Activity ▸ Give back all of the data exactly as it stands, with the pictures removed.
BEGIN Information provided
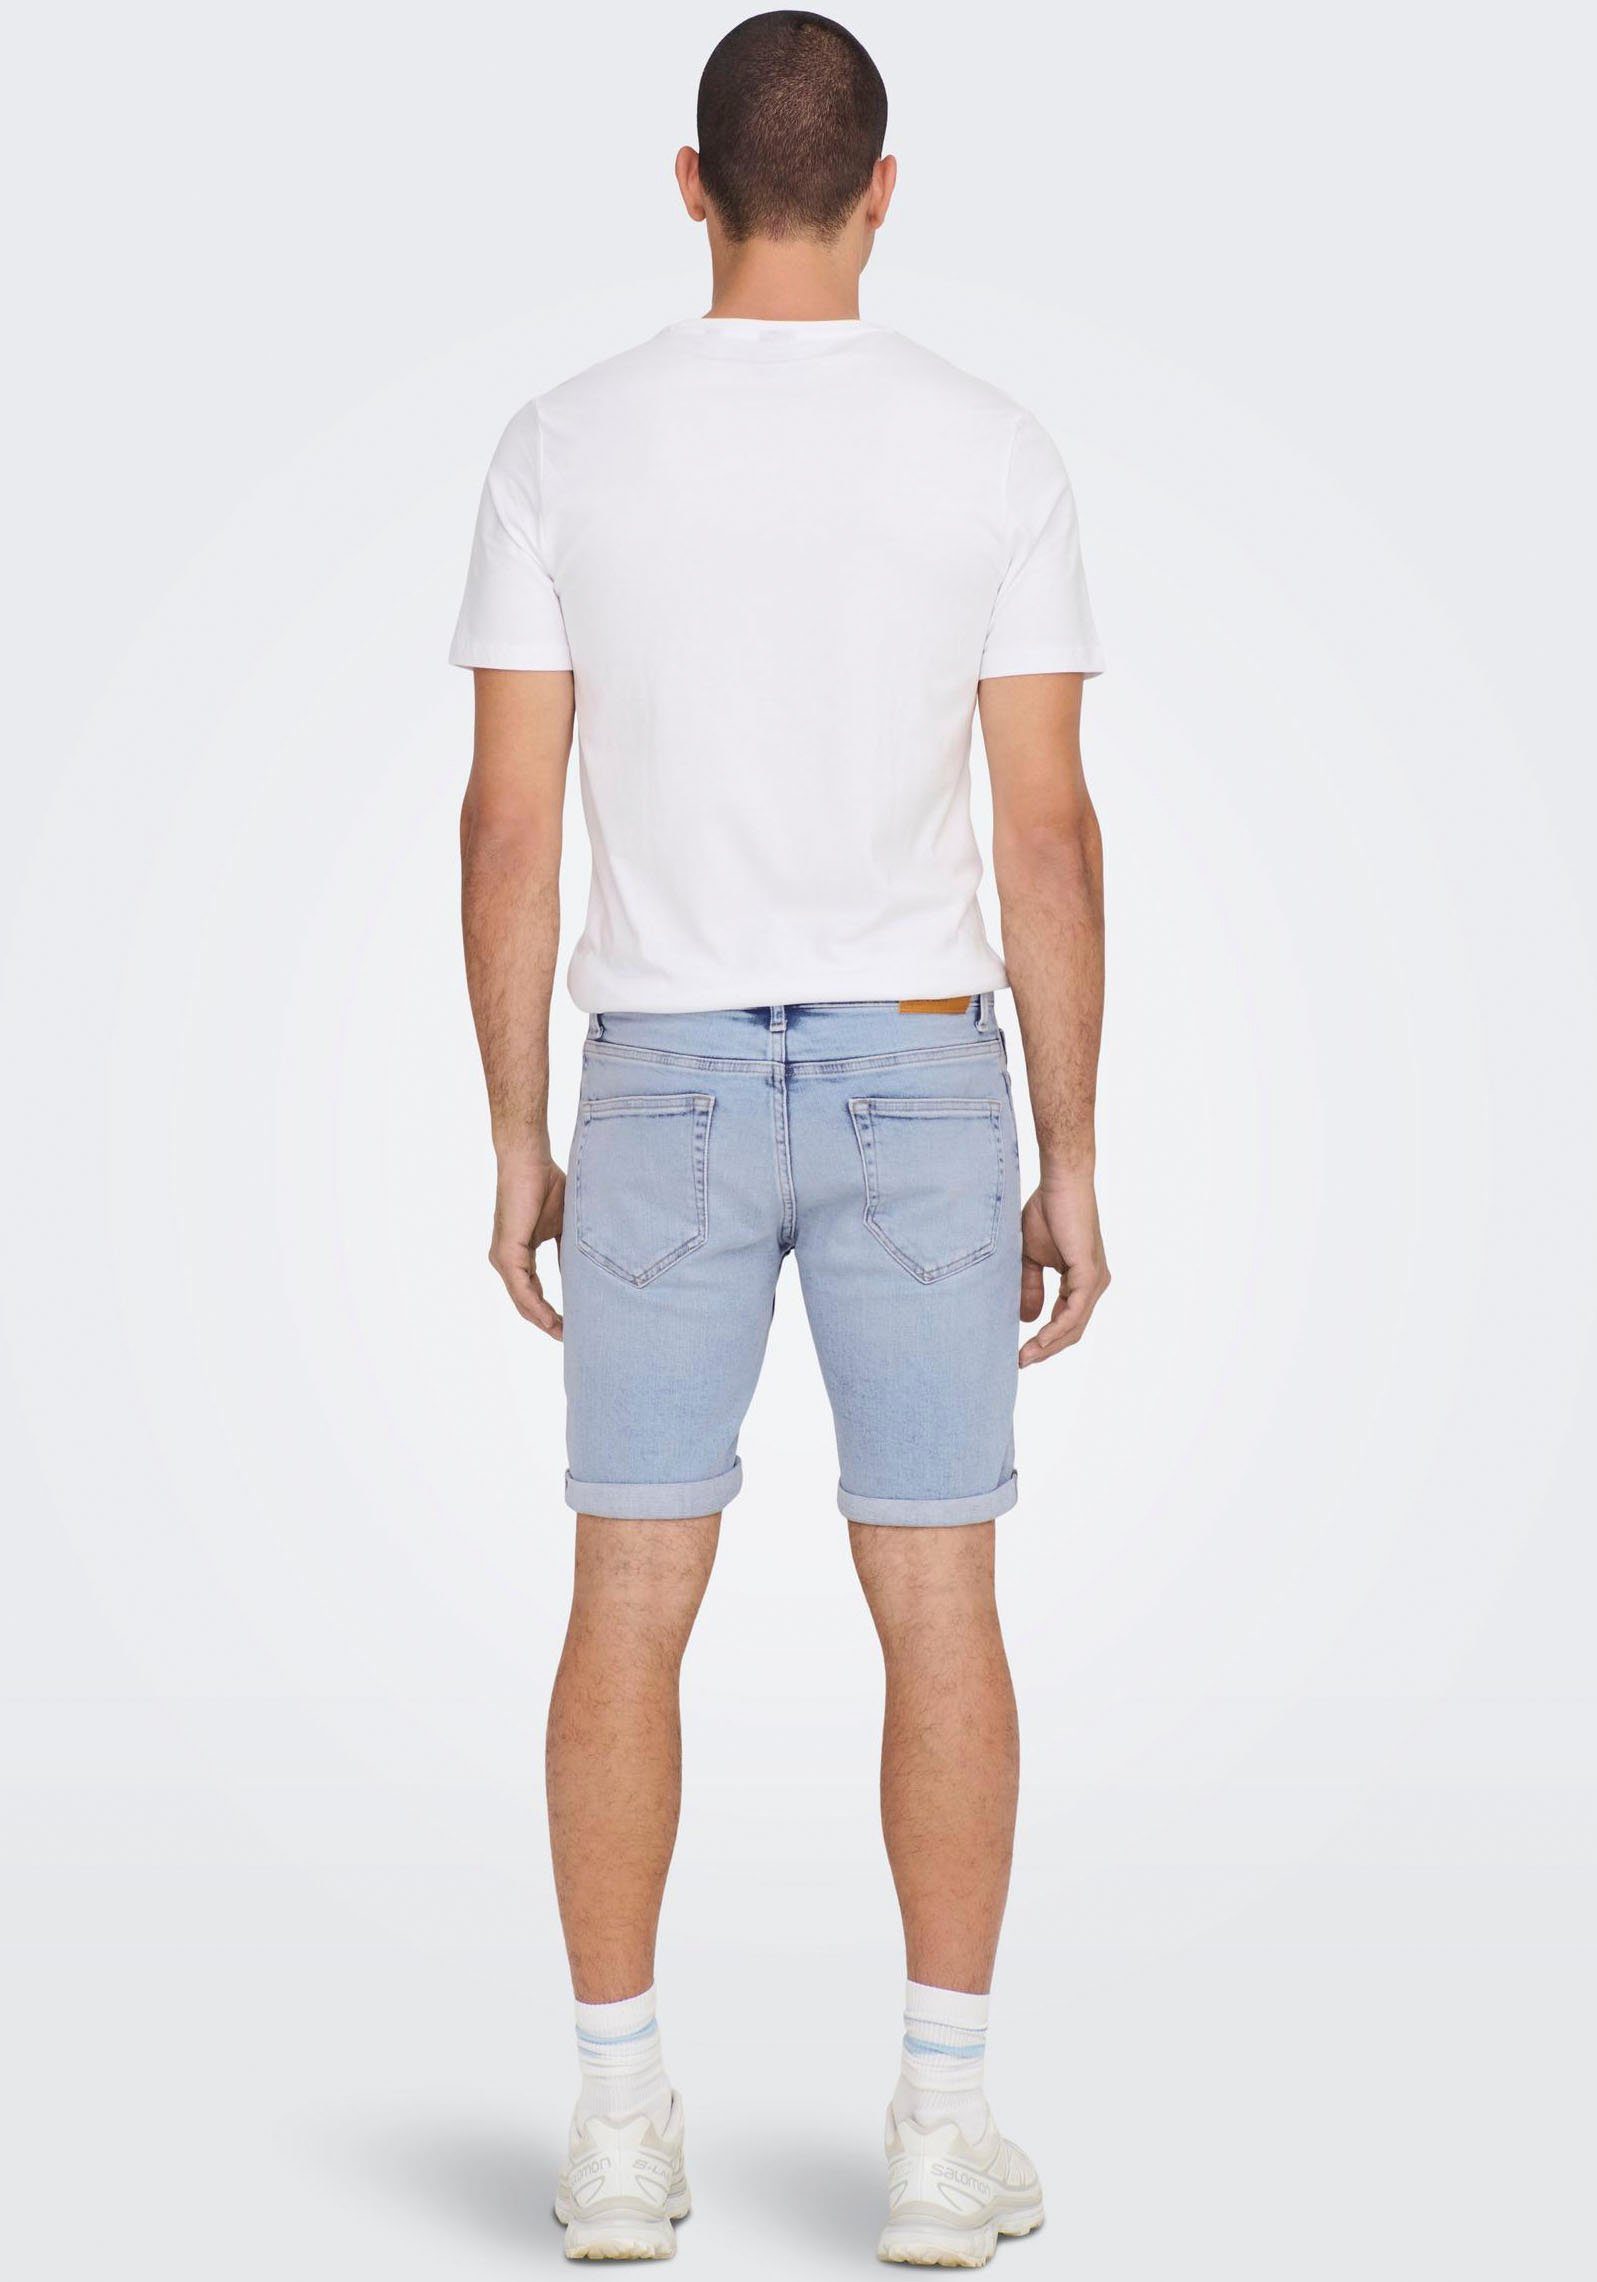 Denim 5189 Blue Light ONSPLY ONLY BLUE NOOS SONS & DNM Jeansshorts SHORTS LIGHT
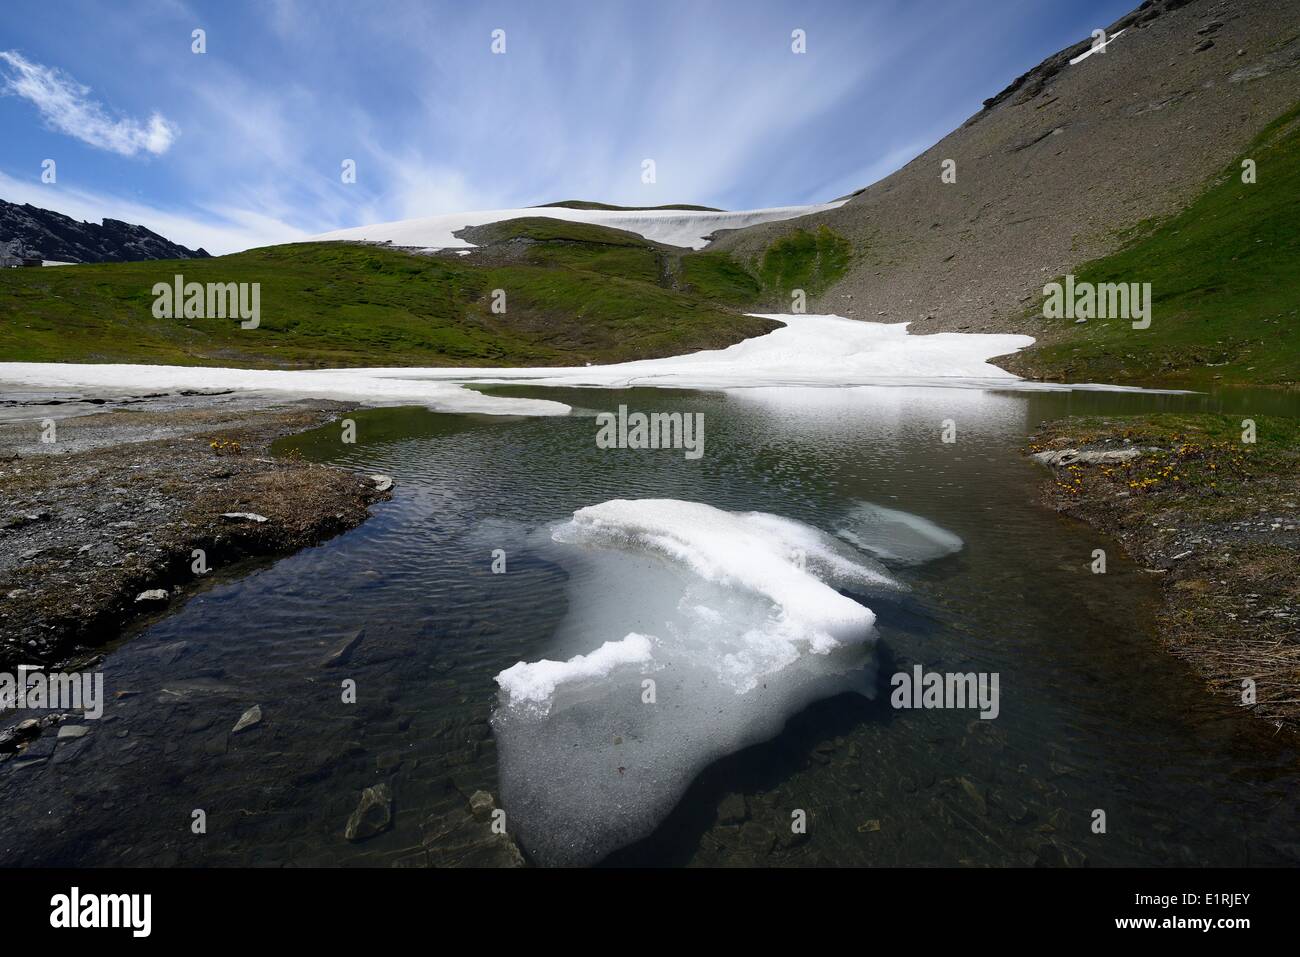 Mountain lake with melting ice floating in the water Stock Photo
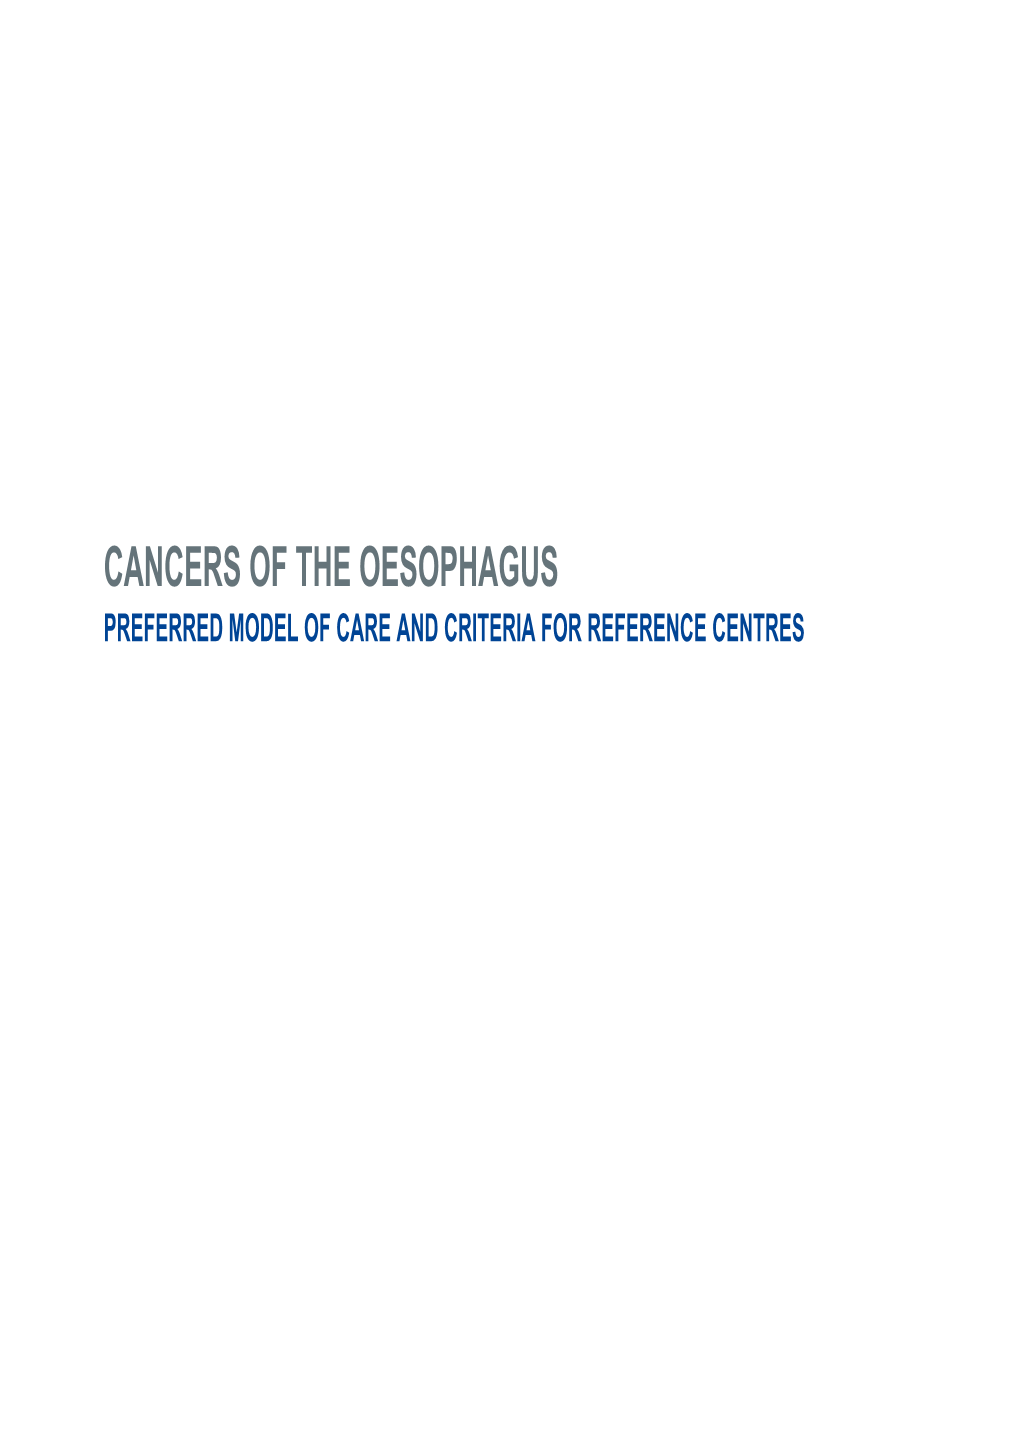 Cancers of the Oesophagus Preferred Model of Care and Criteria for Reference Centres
END Information provided
Exercise result ▸
 Denim 5189 Blue Light ONSPLY ONLY BLUE NOOS SONS & DNM Jeansshorts SHORTS LIGHT
 Mountain lake with melting ice floating in the water Stock Photo
 Cancers of the Oesophagus Preferred Model of Care and Criteria for Reference Centres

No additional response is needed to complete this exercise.